Meeting the big data needs of life sciences computing
George Vacek discusses why heterogeneous computing in the cloud will become a necessity in life sciences
The combination of heterogeneous computing and cloud computing is emerging as a powerful new option for researchers who require high-performance computing (HPC). Neither cloud computing nor the use of hybrid computing architectures is completely new, of course, but the rise of big data as a defining feature of modern life sciences and the proliferation of vastly differing applications to mine the data have dramatically changed the landscape of computing requirements.
Heterogeneous cloud computing offers the potential to flexibly shift from one HPC architecture to another in a secure public or private cloud environment. As such, it meets two critical needs for life sciences computing: crunching more data faster, and increasing access to accelerated performance. As data sets have ballooned, HPC approaches have evolved and diversified to better match specific problems with their most effective architecture. Indeed, some problems (for example, de novo metagenome assembly) are essentially intractable unless tackled with special-purpose solutions. Today, no single approach is optimal for all analyses. Heterogeneous computing embodies the use of multiple approaches to computational processing (CPUs, GPUs, FPGAs, etc.) to achieve superior throughput for each big data workload.

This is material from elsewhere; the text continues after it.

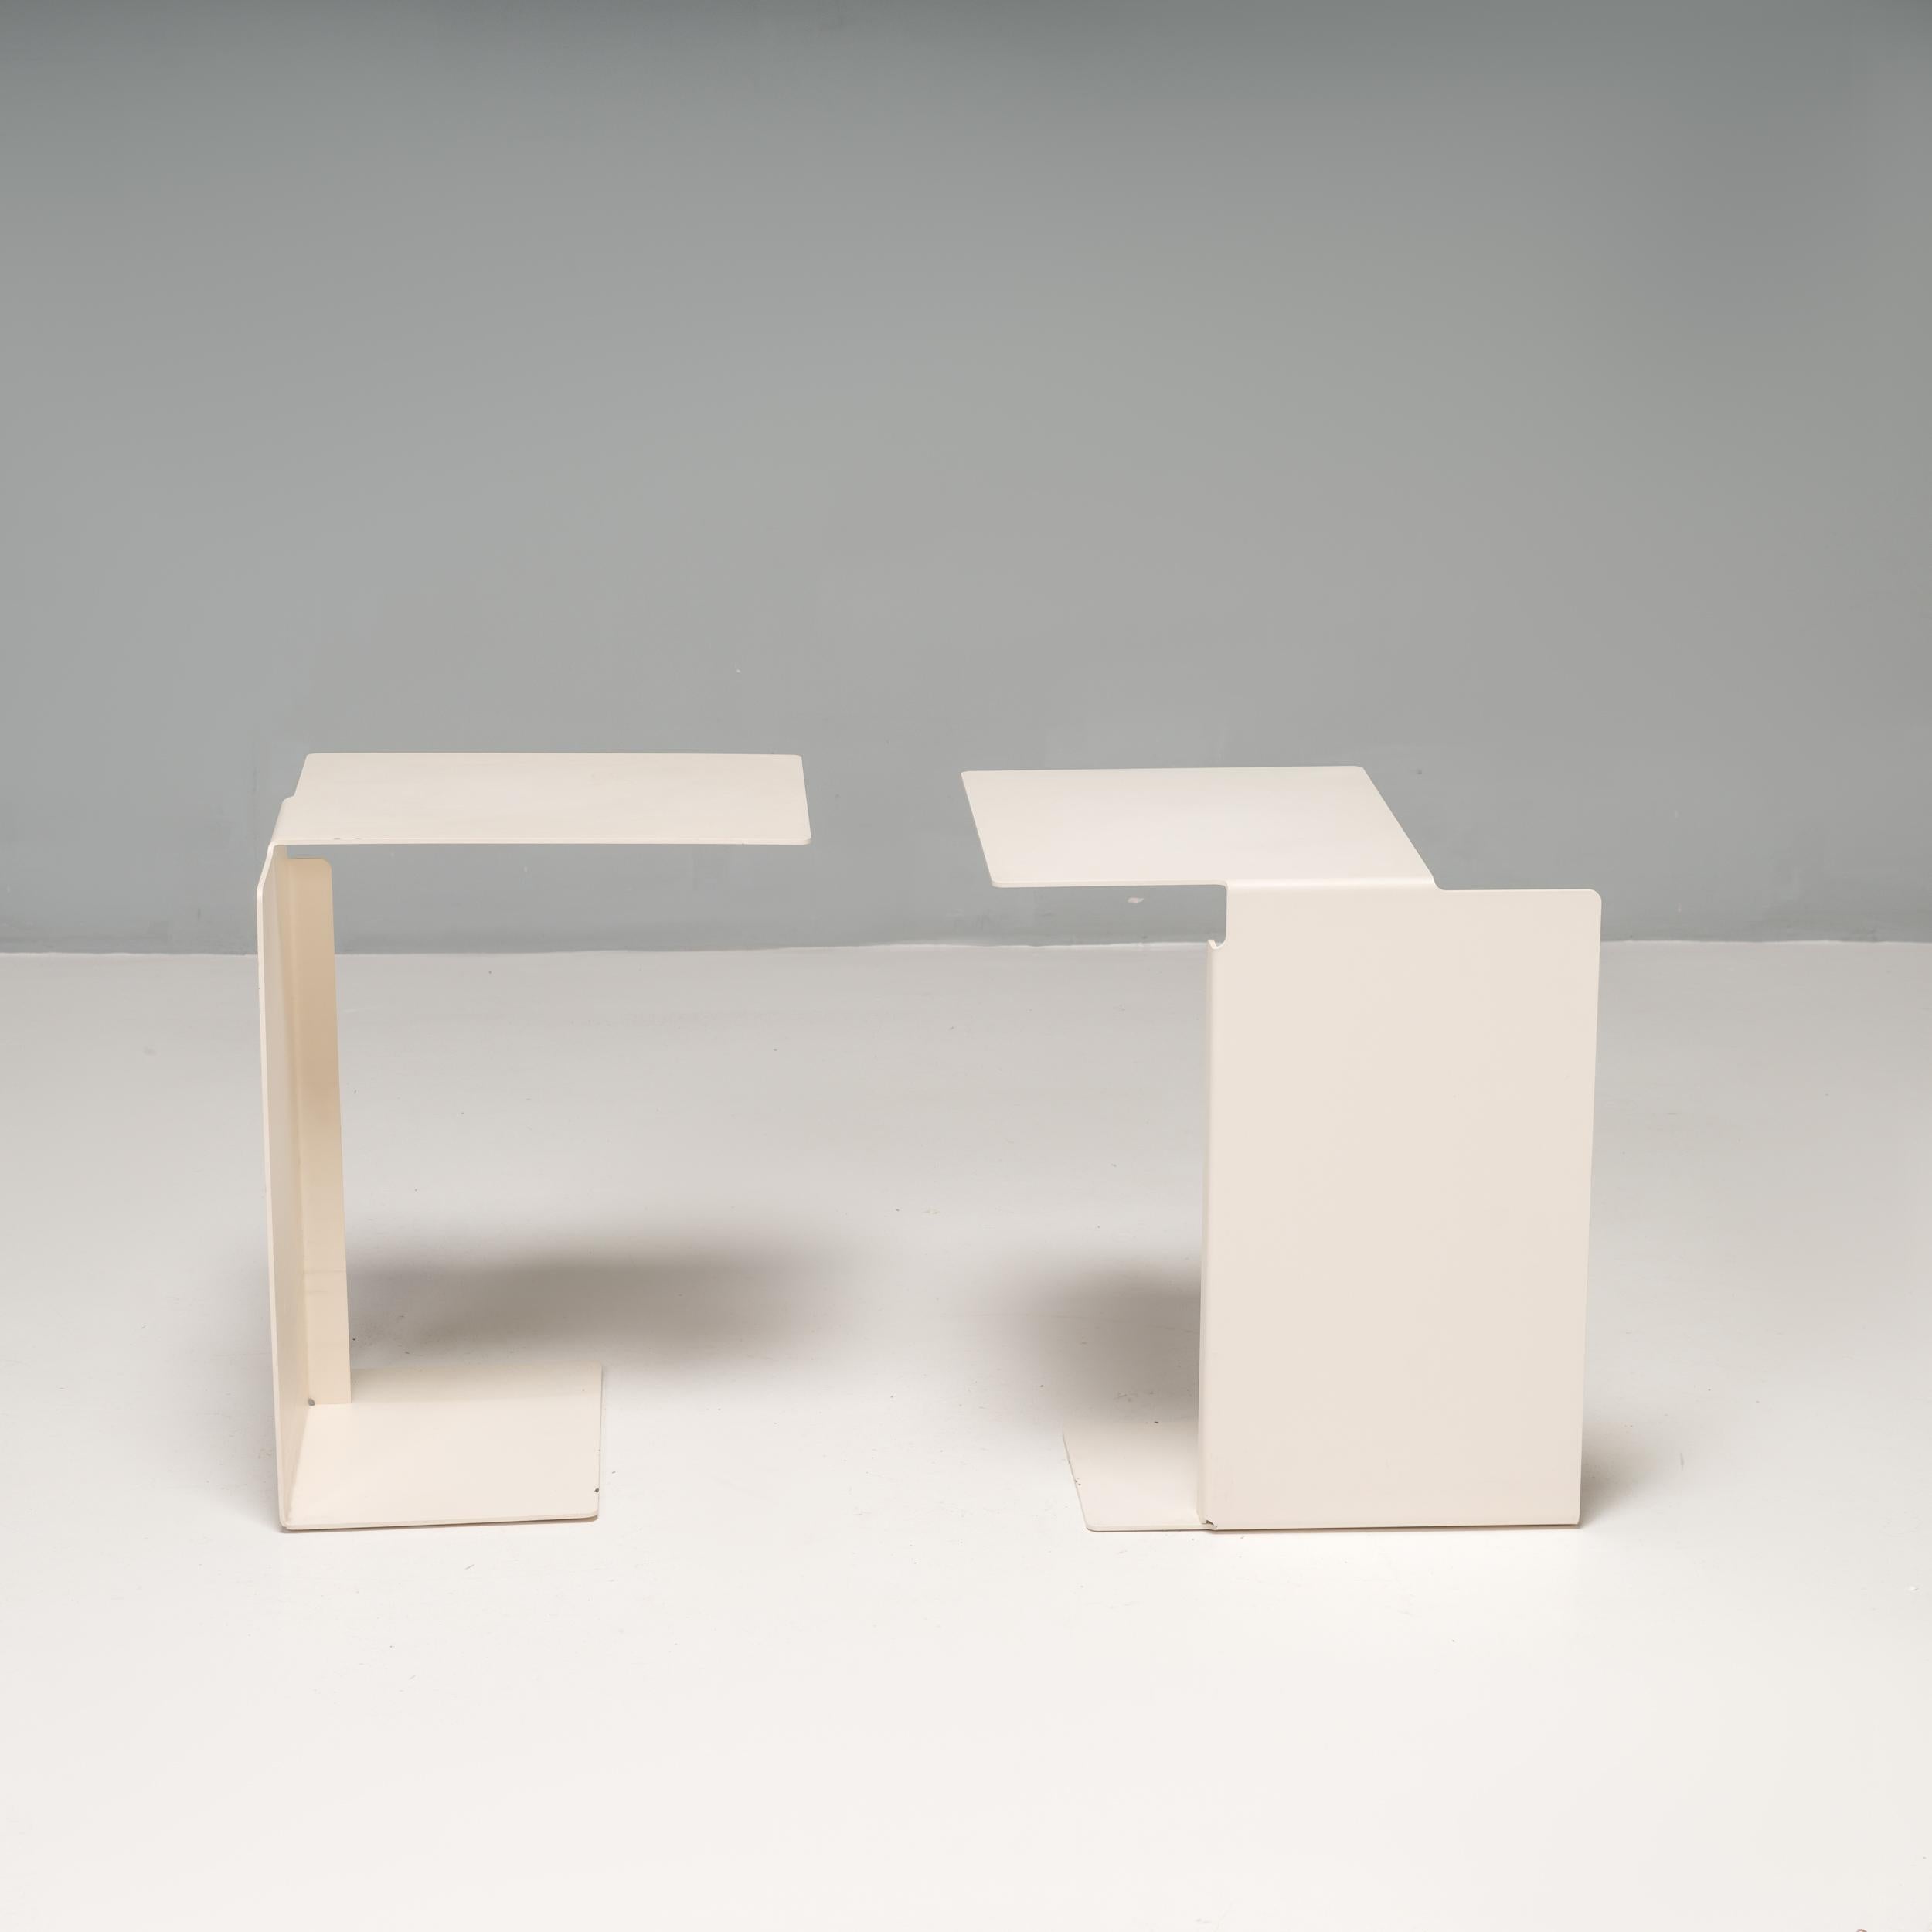 Konstantin Grcic for Classicon Diana B White Side Tables, Set of 2 In Good Condition For Sale In London, GB
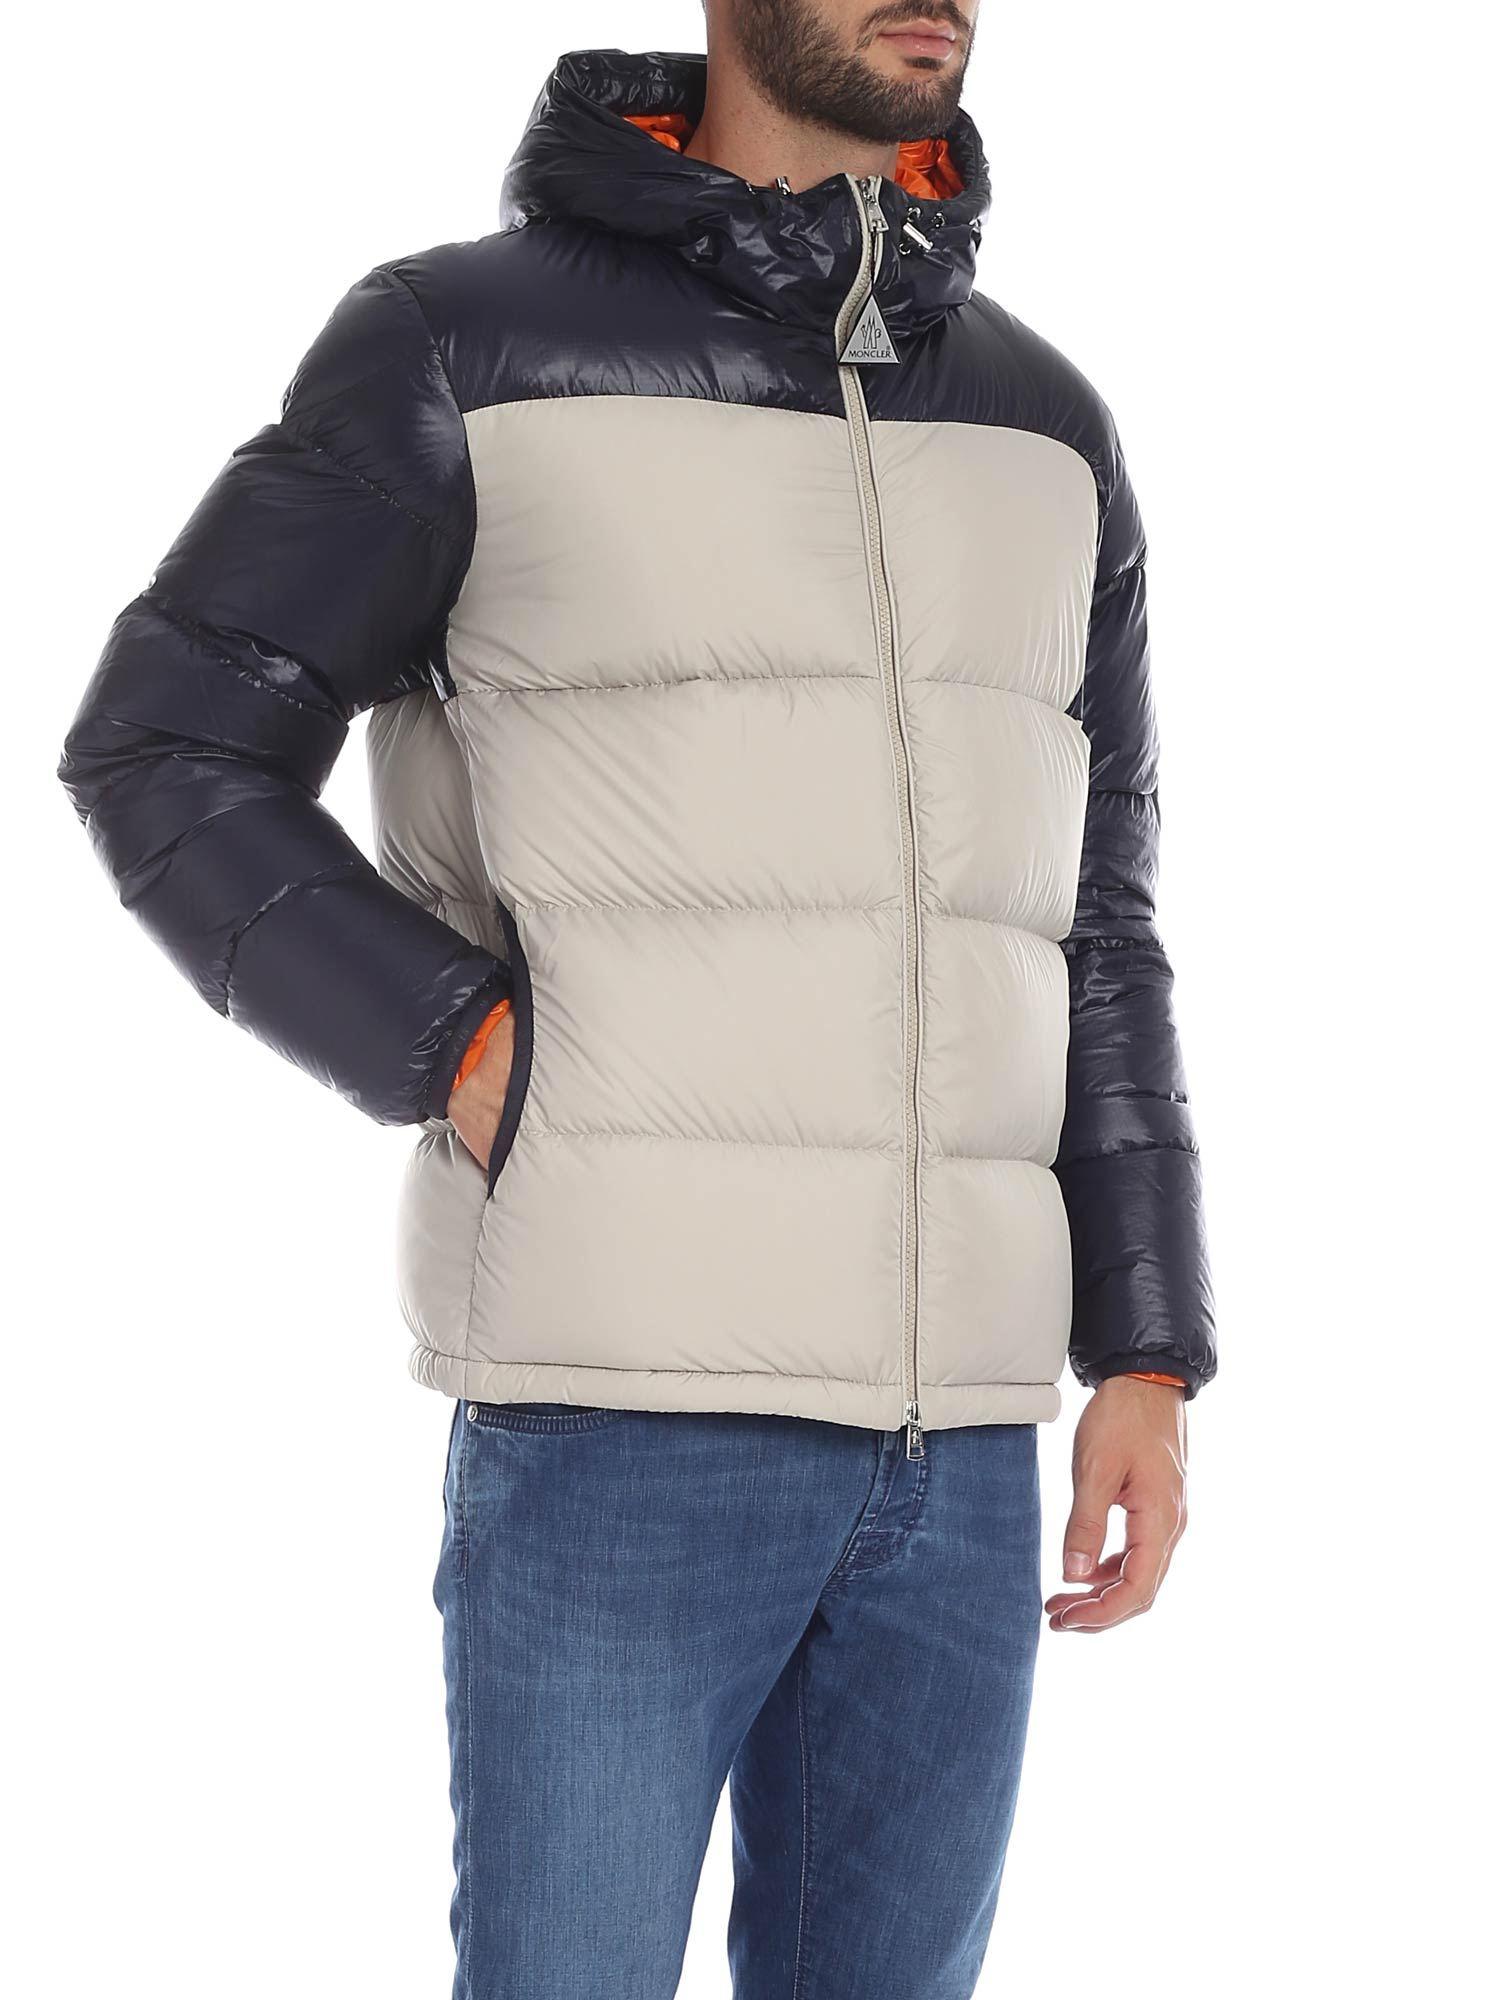 Moncler Synthetic Latour Down Jacket In Blue And Ice Color for Men - Lyst

While the scope and complexity of HPC resources have grown, the ability of research groups to identify, afford, and support them has diminished. Budget constraints are limiting access to necessary compute resources at the very time when the explosive growth in life sciences data makes access increasingly desirable. HPC-oriented clouds supporting the latest heterogeneous architectures can provide even small research groups with affordable access to diverse compute resources.
Heterogeneous computing has become a necessity in life sciences, where the output from high data rate instruments, including next-generation sequencers (NGS), represents a data tipping point. This data deluge has outpaced even the steady performance-doubling of Moore’s Law.
Recently, systems based on field-programmable gate arrays (FPGAs) have been gaining momentum throughout genomics and life sciences. Programmable ‘on the fly’, FPGAs are a way of achieving hardware-based, application-specific performance without the time and cost of developing application specific integrated circuits (ASICs). FPGAs work well on many bioinformatics applications – for example, those that do searching and alignment. Such applications rely on many independent and simple operations and are thus highly parallelisable.
The vast majority of bioinformatics and healthcare applications have been run on standard clusters. That model is beginning to change as research organisations hit technical and financial roadblocks which prevent the obtaining of sufficient HPC resources for analysing all the output of high-data-rate experimental instruments. An example would be sequencing centres dealing with large data sets coming from NGS. This big data is forcing changes in attitudes and driving a need for faster, more power-efficient computing.
A confounding aspect in life sciences and healthcare is that biologists, physicians, and other users are usually not IT or HPC experts. For many, it is challenging enough to choose the best application for a given problem, let alone determine which HPC architecture would run it most efficiently.
Another concern with special-purpose HPC architectures is the need to adapt existing software or develop new software to take advantage of the specific approach, which can consume both time and resources. Increasingly, systems makers are tackling this problem and working to ensure their application coverage is attractive. User groups are also springing up around particular architectures, developing their own accelerated applications and making them available to others. The emergence of more high-level tools for FPGAs and GPUs is also helping to speed and simplify applications development.
Moving heterogeneous HPC assets into a cloud computing environment is a natural step. It provides the widely discussed benefits of cloud computing such as lower costs and rapid scalability, and magnifies them in cases where heterogeneous HPC resources entail greater cost, integration, and management challenges than standard cluster-based resources. A few of cloud computing’s substantial benefits include:
• Pay as you go. With cost-containment an increasing priority, many research organisations are focusing funds on core competencies, preferring to outsource where practical. Cloud environments make it possible to rapidly scale jobs up (or down) as needed, and heterogeneous HPC cloud charges typically vary based on which resources are used.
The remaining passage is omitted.